Все повернули головы к императору. Недоумение и сожаление мелькнуло во многих глазах: наступать теперь, на пороге зимы, после пожара, когда все в беспорядке, в расстройстве, куда наступать, с кем, снова дикий поход? Нет, поздно, все ждут мира, довольно.
Все смотрели на императора с холодным любопытством, точно впервые видели его желтоватое лицо стареющего человека.
Император круто повернулся и вышел.
Стрела качнулась. В этот день стрела качнулась и выбрала тот же полет, что и в первый день Москвы: к миру. Зимовка, наступление, отступление, мир: стрела облетела свой круг и устремилась к миру.
Коленкур был вызван к императору в тот же день.
Этот высокий человек, принимавший все его милости с холодной вежливостью, всегда казался императору чужим. Он чувствовал, что Коленкур смотрит извне, со стороны, на все его дела, как холодный зритель может смотреть на пышный спектакль. Но он решил послать именно Коленкура, его должны хорошо помнить при Петербургском дворе.
Герцог стал у белых дверей, почтительно склонив голову. Император не любил людей чрезмерно высокого роста рядом с собой.
– Вам известно, что я решил идти на Петербург, что я…
Император разглядывал ногти. Он слышал фальшивый звук в своем голосе:
– Я, разумеется, возьму Петербург и разрушу его. Я не остановлюсь ни перед чем. Россия в отчаянии может восстать против императора Александра. Я намерен послать к нему вас. Предупредите, что ему грозит катастрофа. Я не хочу его гибели и гибели его империи.
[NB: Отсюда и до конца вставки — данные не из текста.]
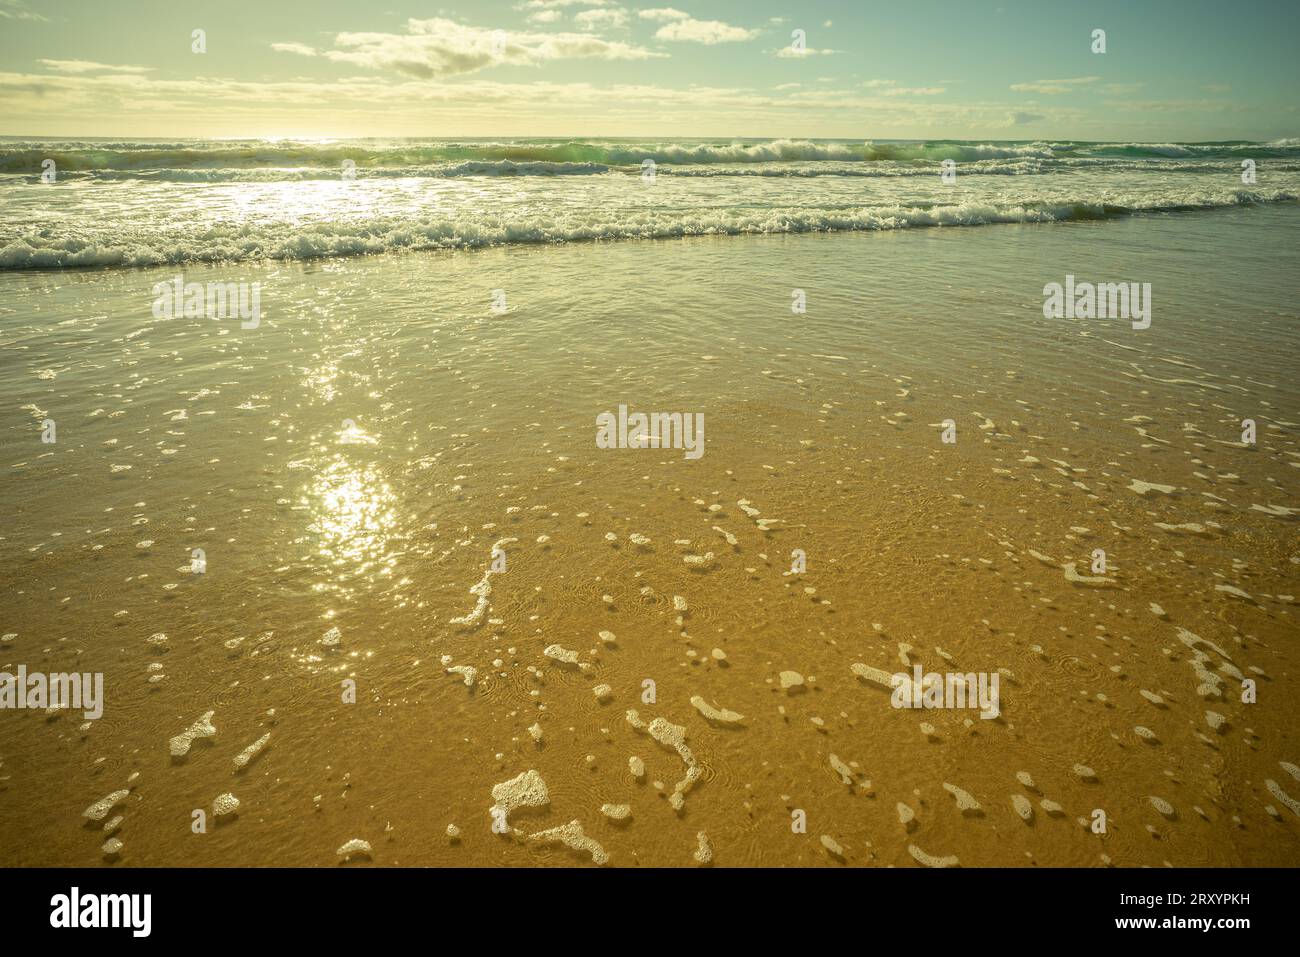 Colori pastello mentre le onde del surf si infrangono e rotolano sulla spiaggia di sabbia con il sole che splende nelle acque schiumose poco profonde. La mattina presto a Kawana, Sunshine Co Foto Stock

Коленкур холодно следил за всеми маленькими движениями императора, и как он поглаживает рукой руку, и как в зеркале за его спиной то морщится, то расходится складка на сером сюртуке.
– Нет, Ваше Величество, освободите меня, – сказал герцог и стиснул зубы, чтобы голосом или блеском глаз не выдать внезапного чувства злорадства.
Он сказал просто и твердо, уперев подбородок в воротник мундира:
– Я не поеду, Ваше Величество. Моя поездка бесполезна. Император Александр не примет никаких предложений. Он будет сражаться до последнего солдата. Вам это известно так же, как мне… Для вас и для нас один выход – отступление.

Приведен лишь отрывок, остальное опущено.